ABOVE: Experimental ecosystems at the German Centre for Integrative Biodiversity Research allowed researchers to study how invertebrate density influences plant lifecycles and species composition.
JOSEPHINE ULRICH

EDITOR’S CHOICE IN ECOLOGY & ENVIRONMENT

The paper
J. Ulrich et al., “Invertebrate decline leads to shifts in plant species abundance and phenology,” Front Plant Sci, 11:542125, 2020.

When Josephine Ulrich and colleagues got the chance to work with the iDiv Ecotron, a system of experimental containers in Germany that lets researchers create and manipulate miniature ecosystems, they decided to investigate the effect of declining invertebrate populations on plant communities. Many studies have explored how projected changes in abiotic factors—rising temperatures, for example—influence plants, says Ulrich, a PhD student at the German Centre for Integrative Biodiversity Research (iDiv) and Friedrich Schiller University, but to look at biotic factors such as invertebrate loss is a new approach.

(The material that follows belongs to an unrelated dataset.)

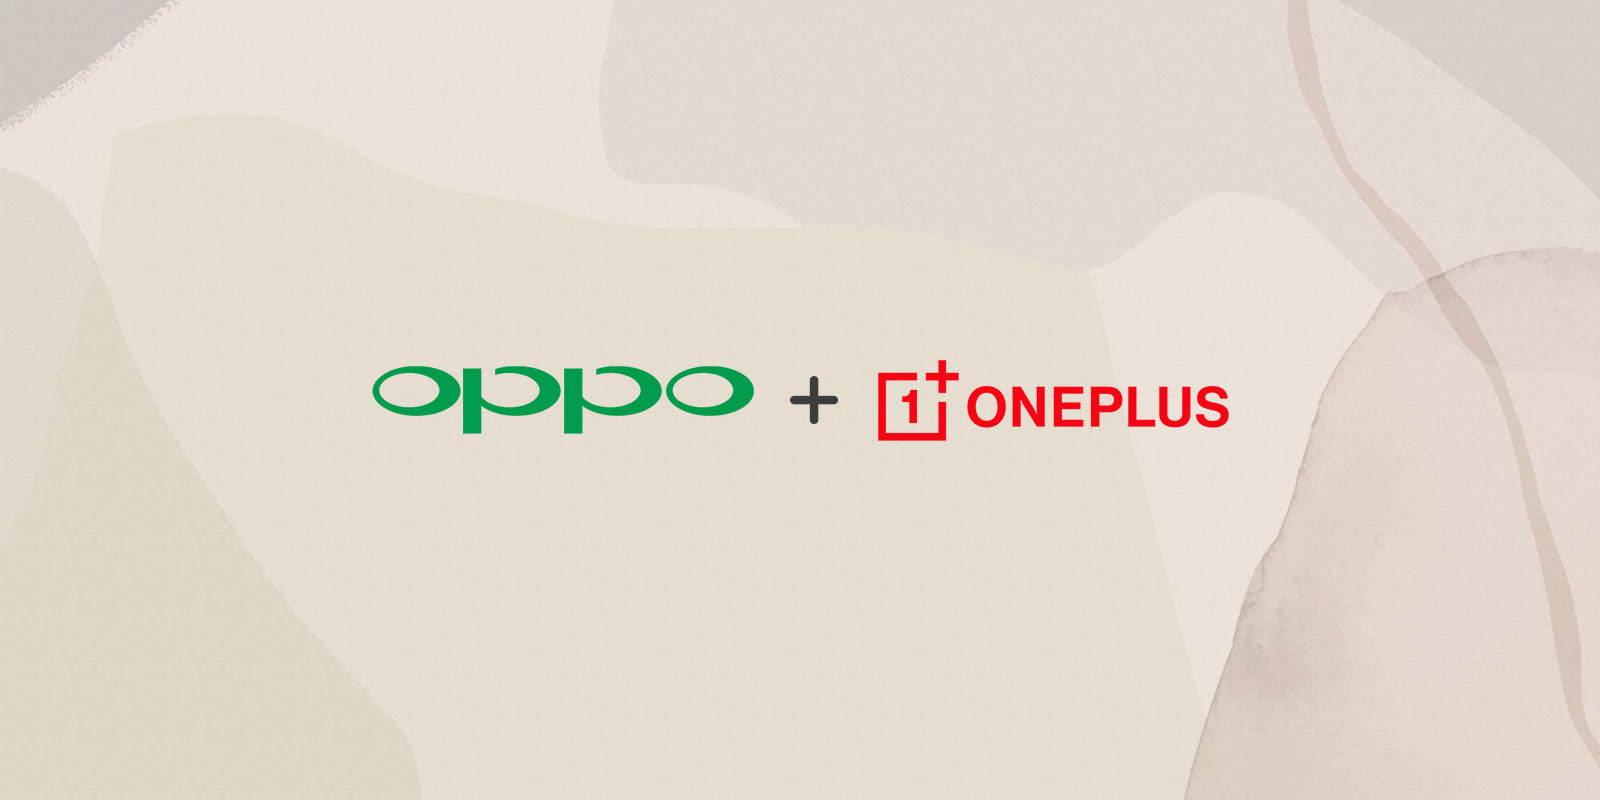 Oneplus Announces Merger With Oppo, Will Continue To Operate As An “Independent Brand”

The team used 24 of the Ecotron units to create tiny grasslands, each with the same 12 herbaceous species but with varying densities of invertebrates collected from a local meadow: 100 percent (the same density as in the meadow), 25 percent, or no invertebrates. Then the researchers observed the ecosystems over the next 18 weeks. 

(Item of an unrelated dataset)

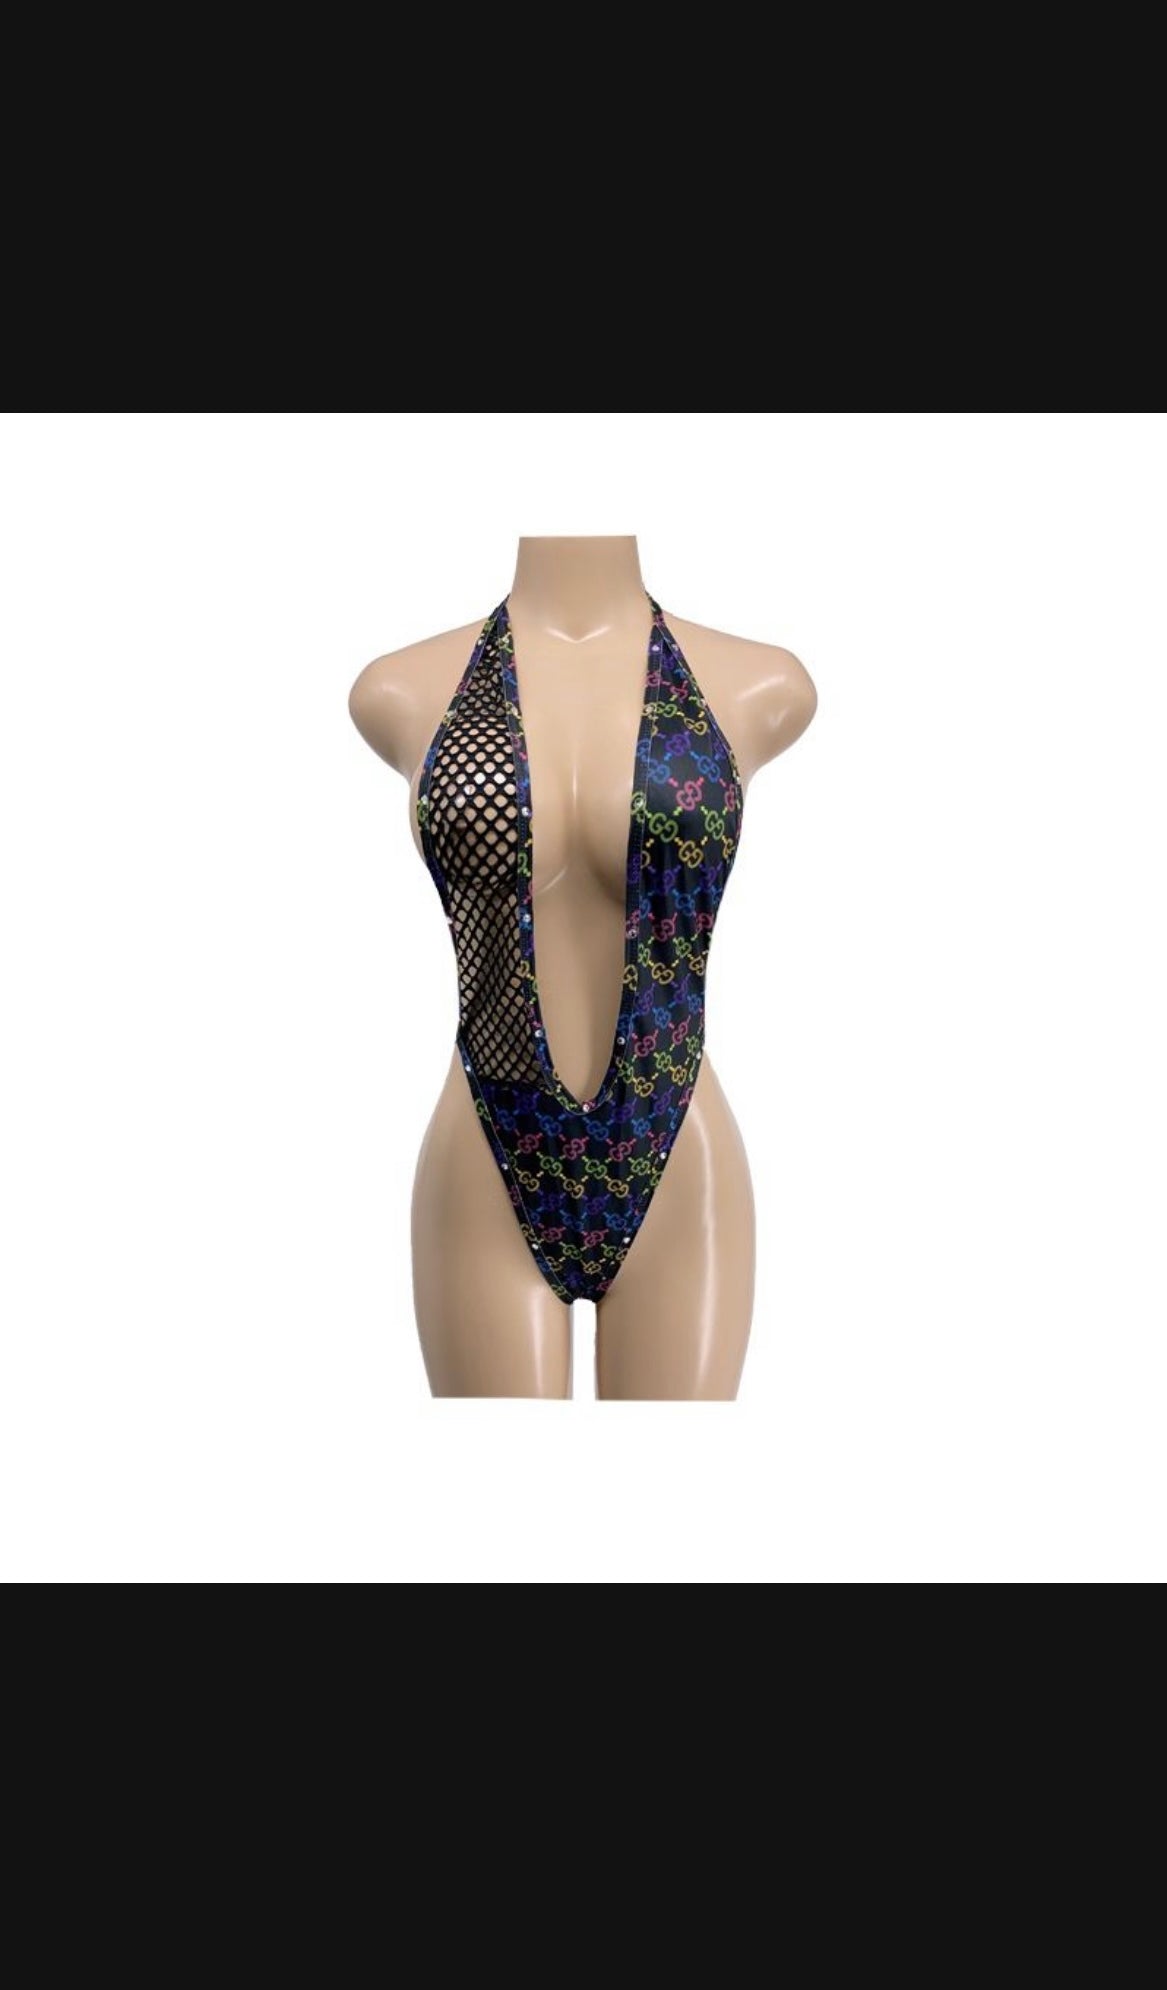 GG Multi-Color Slingshot Exotic Stripper Outfit

Over that time, units with lower invertebrate densities showed increased abundances of the dominant plant species Trifolium pratense, the team found. In addition, some plant species tended to flower later in these units, while others flowered earlier.

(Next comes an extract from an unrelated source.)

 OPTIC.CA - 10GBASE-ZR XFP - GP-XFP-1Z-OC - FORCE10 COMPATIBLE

An unexpected aphid infestation, primarily in units designated as invertebrate-free, somewhat complicated interpretation of the results, notes Ulrich, although “in the end, it was quite cool that we had it, because this is one of the future scenarios—that there will be more infestations.” 

The University of Basel’s Jürg Stöcklin, who wasn’t involved in the work, says the results about flowering time are particularly novel. “It’s a proof of concept” study, he adds, noting that the underlying mechanisms aren’t yet clear, and that the team’s plant communities are less diverse than wild communities. “The question could be asked: How is it in real communities?” he says. But, “if you want to understand what’s going on, to disentangle the different effects, we need such [experimental] studies.”